* **Data segment**
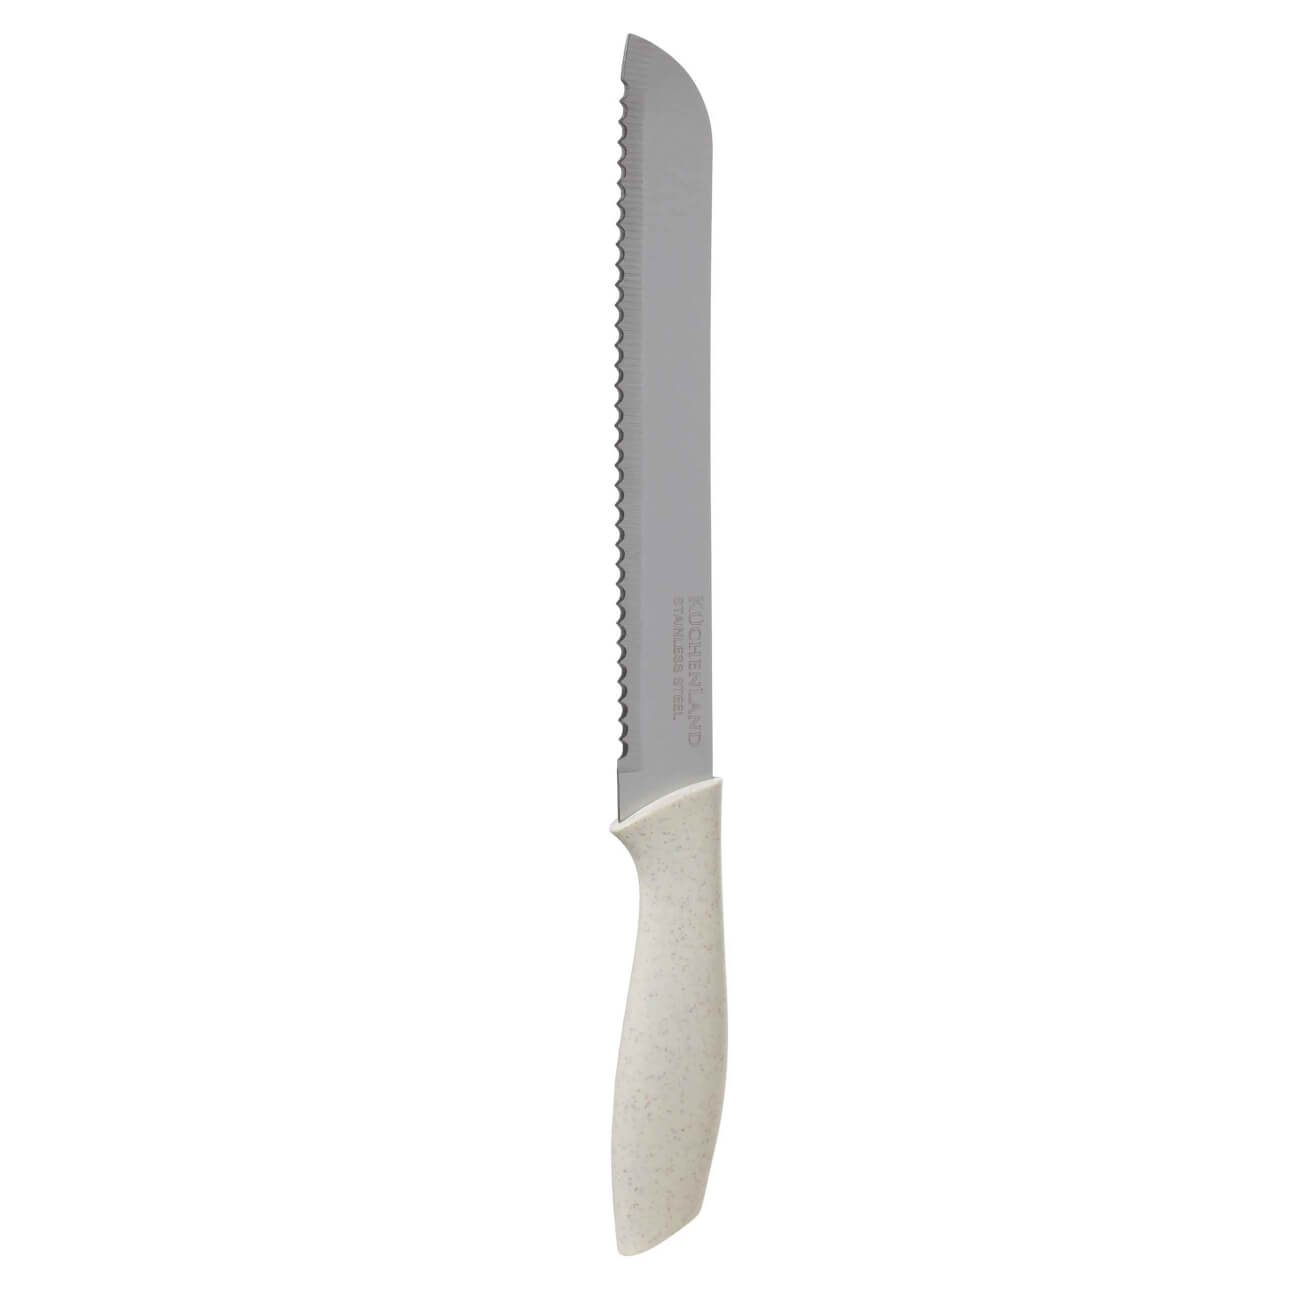 Нож хлебный, 20 см, сталь/пластик, молочный, Speck-light нож поварской 20 см сталь пластик молочный speck light
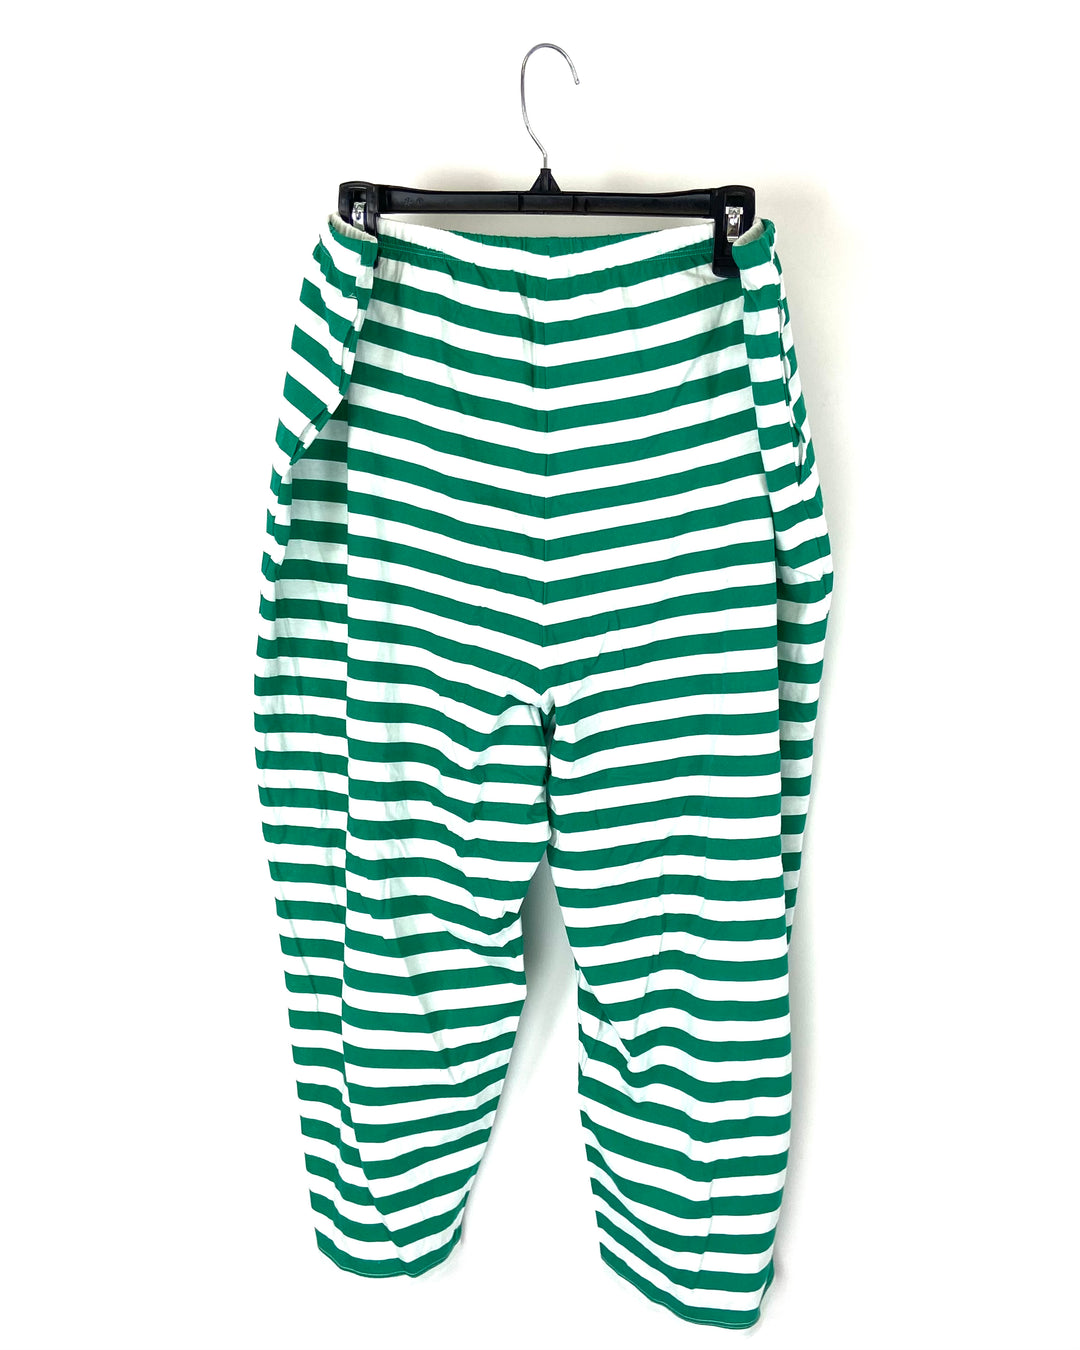 Green Striped Capri Pajama Pants - Size 18W
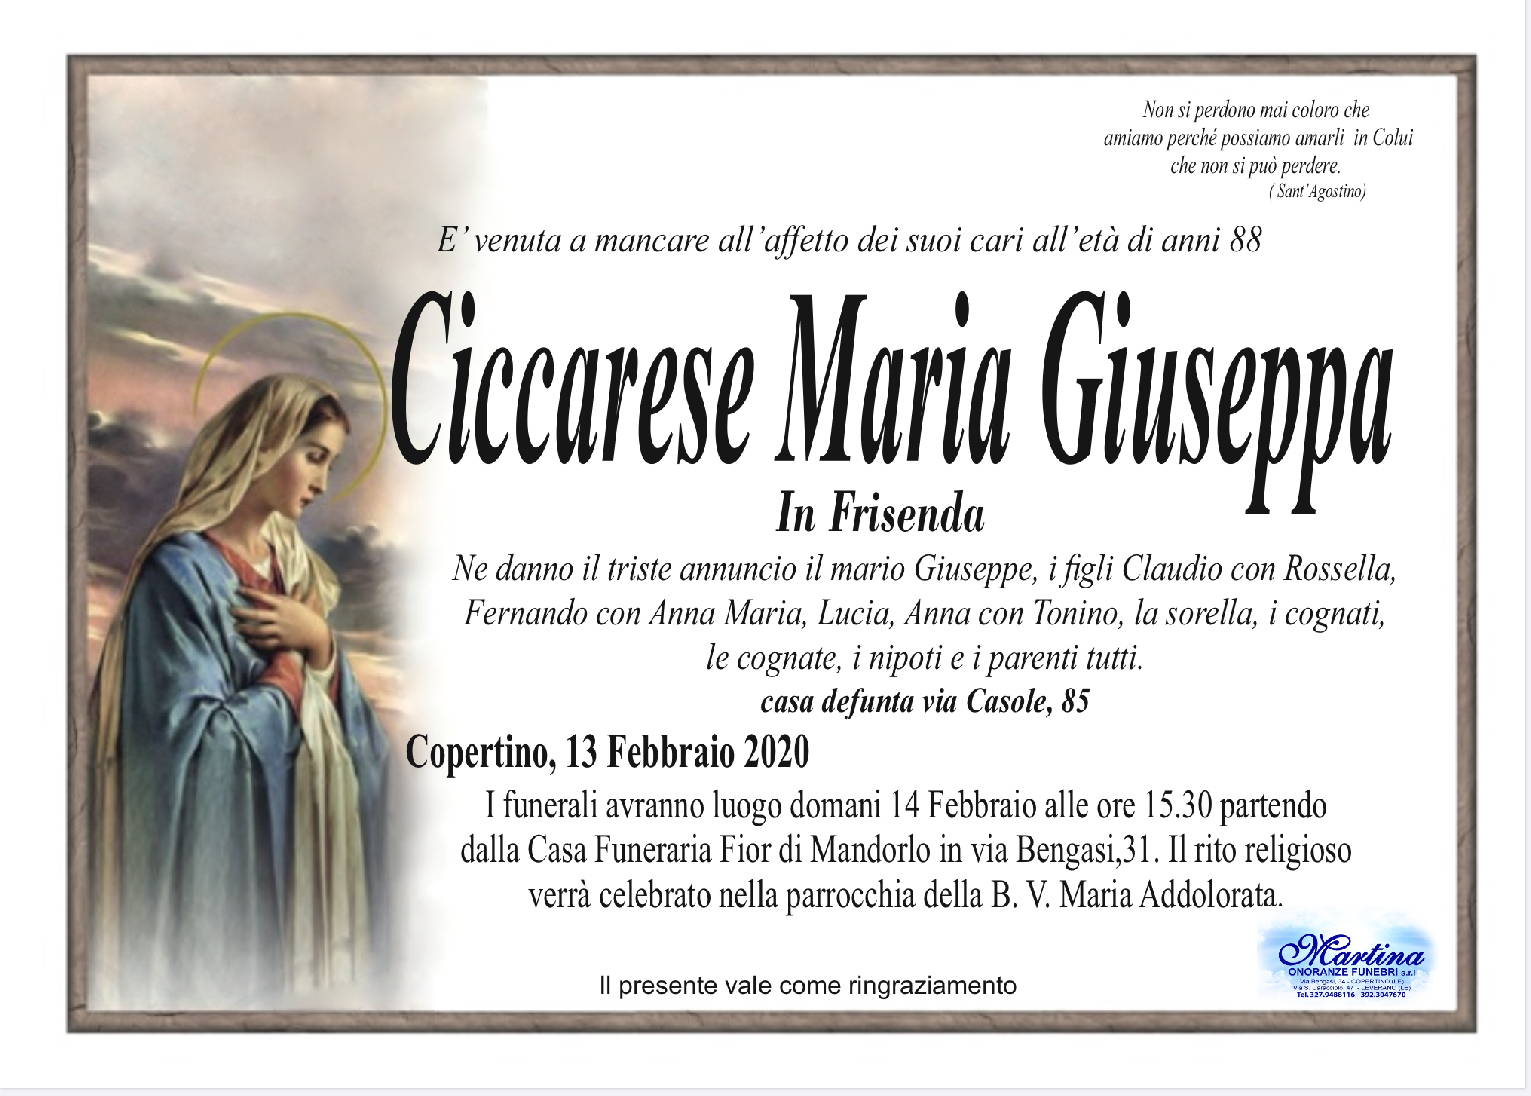 Maria Giuseppa Ciccarese
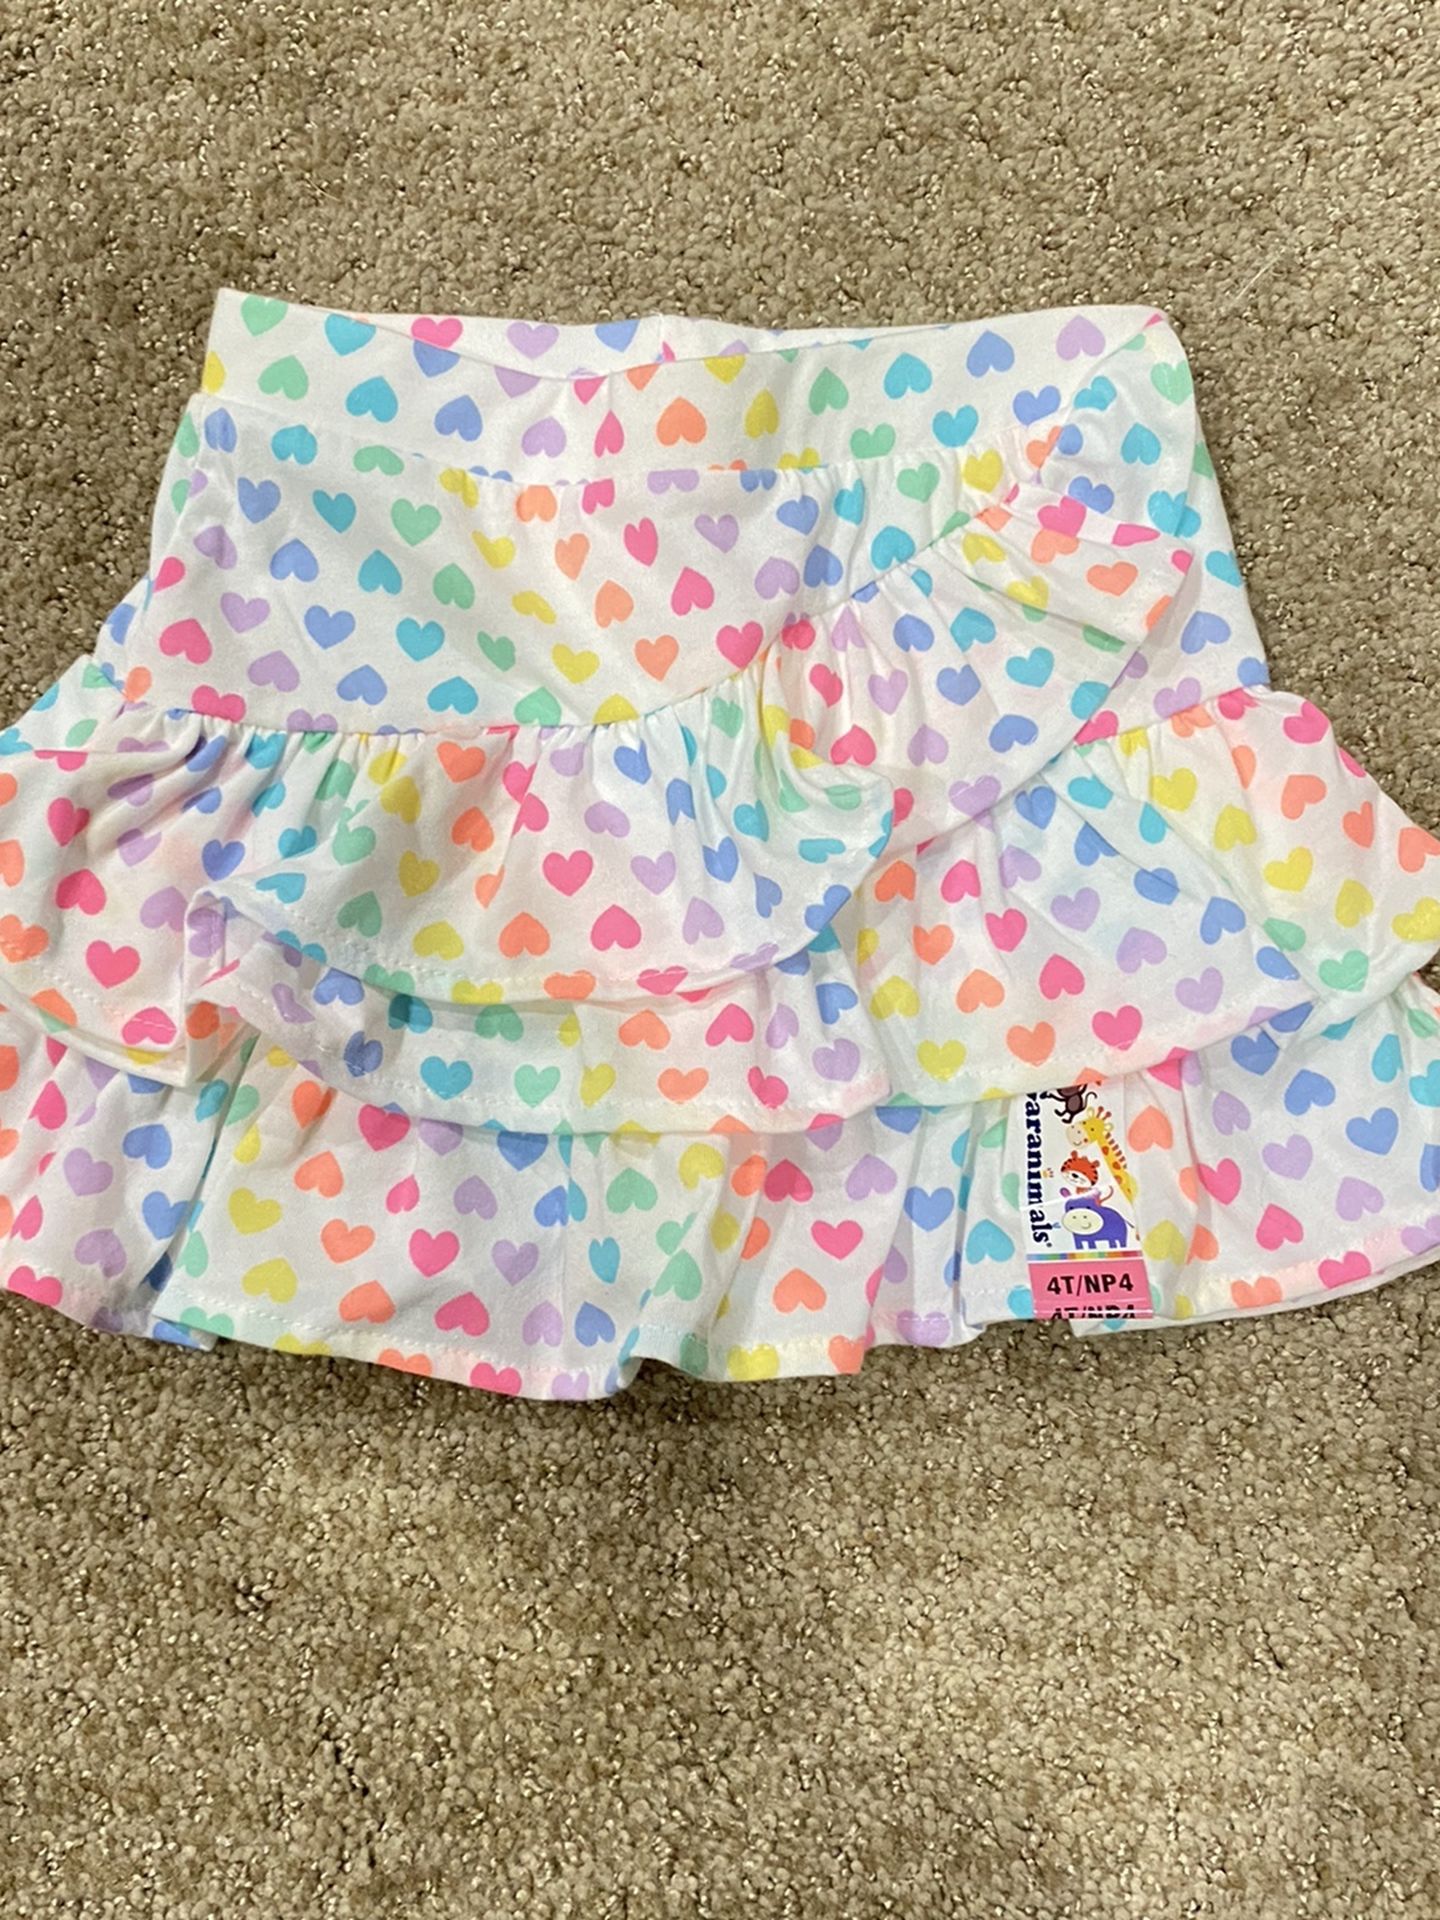 Girls Size 4t Skirt New

* **What you are asked to do**
Exclude all images and return the listing word for word.

* **Response box**
 Нож хлебный, 20 см, сталь/пластик, молочный, Speck-light нож поварской 20 см сталь пластик молочный speck light
 Green Striped Capri Pajama Pants - Size 18W
 Maria Giuseppa Ciccarese
 Girls Size 4t Skirt New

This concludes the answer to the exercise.